Wright and colleagues used both in vitro assays as well as xenograft models to demonstrate the stem cell properties of the CD44+/CD24- and CD133+ cell populations. Both of these populations form mammospheres in vitro, a characteristic shared by normal  and malignant  mammary stem cells. Interestingly, cells cultured as mammospheres or those with stem cell markers show resistance to chemotherapeutic agents such as cisplatin compared with the bulk of the cell population. The resistance of breast cancer stem cells to both radiation  and chemotherapy  has also been reported by other investigators. In addition, the proportion of cells characterized as CD44+/CD24low significantly increases following neoadjuvant chemotherapy in patients with breast cancer , demonstrating the clinical relevance of these concepts. Although transporters such as BCRP are overexpressed in some stem cells , Wright and colleagues  did not find an increase in expression of ABC transporters in either stem cell population. Thus, the mechanisms of drug resistance in these cells remains to be elucidated. Other potential mechanisms of chemoresistance of cancer stem cells include overexpression of chemotherapy metabolizing enzymes such as aldehyde dehydrogenase 1, changes in cell cycle kinetics, and over-expression of anti-apoptotic proteins .
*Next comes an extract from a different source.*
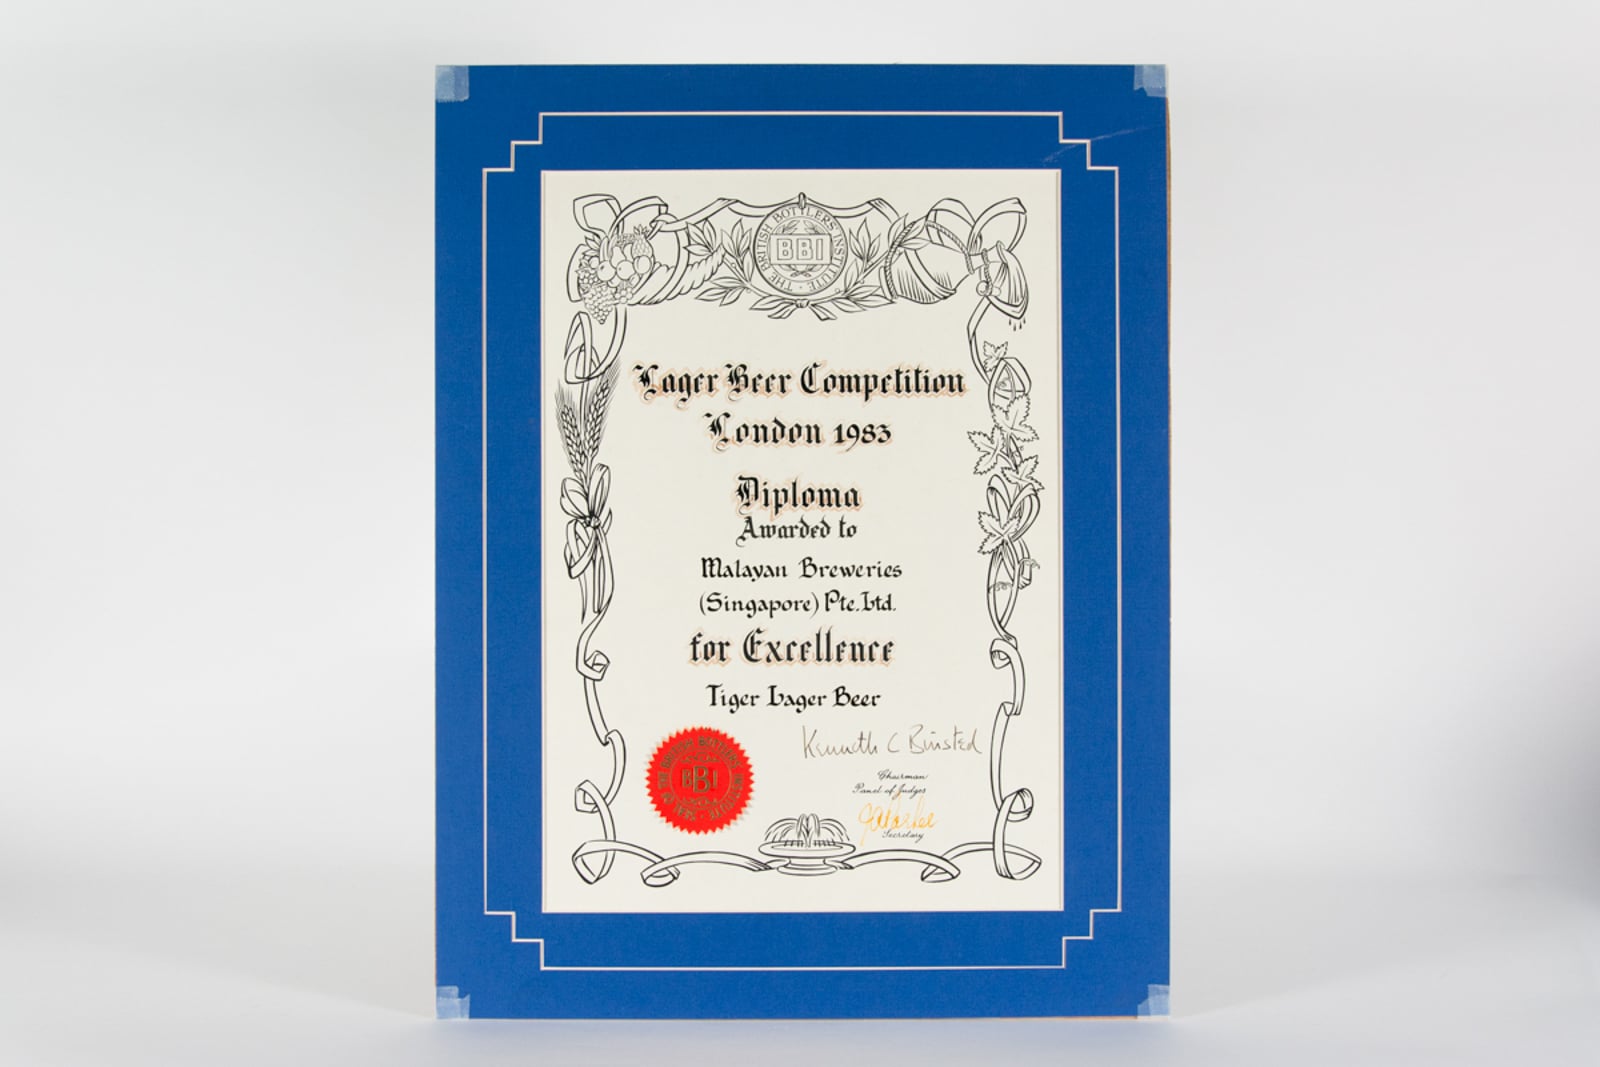 Tiger Lager Beer Diploma for Excellence Certificate 1983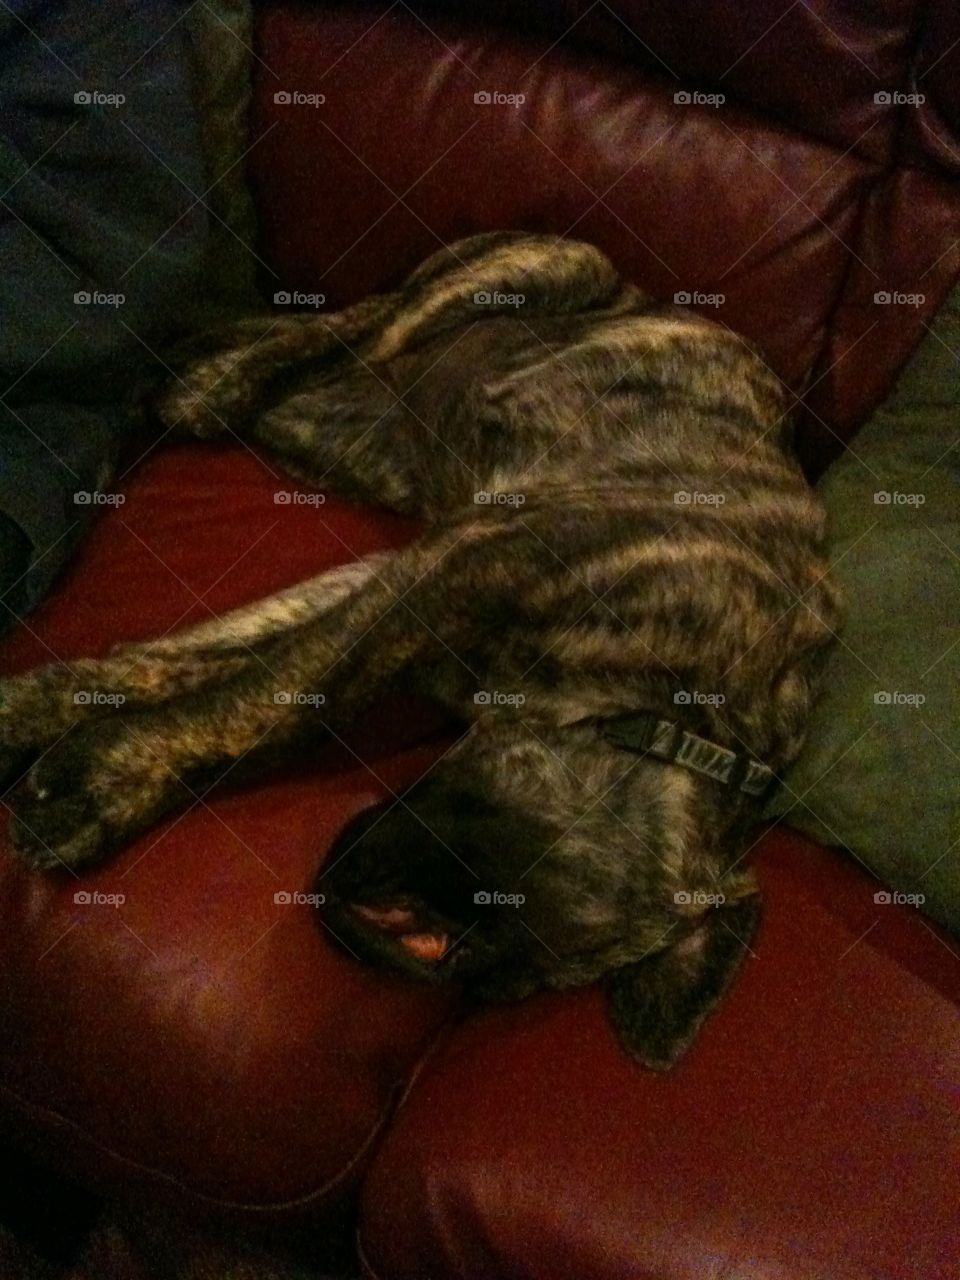 Large dog falls asleep on couch

A number of therapeutic approaches are being developed to therapeutically target breast cancer stem cells. Wright and colleagues demonstrate that the HSP90 inhibitor 17-DMAG sensitizes these cells to chemotherapy. These in vitro experiments have potential clinical implications since HSP90 inhibitors are currently in clinical trials. Furthermore, these studies indicate the feasibility of using in vitro mammosphere assays for the screening of compounds that are able to target cancer stem cells.
In summary, recent studies suggest that both hereditary and sporadic breast tumors may originate through the disregulation of self-renewal pathways in normal mammary stem and/or progenitor cells. The resulting tumors may be driven by heterogeneous populations of cancer stem cells. This heterogeneity may reflect different cells of origin and/or different mutation profiles in these cells. These heterogeneous cancer stem cell populations, in turn, may determine the overall molecular phenotype of tumors as assessed by molecular profiling. The development of suitable in vitro and mouse models should accelerate research aimed at identifying these diverse cancer stem cell populations. This should facilitate the identification of suitable targets for the development of strategies aimed at cancer prevention and therapy.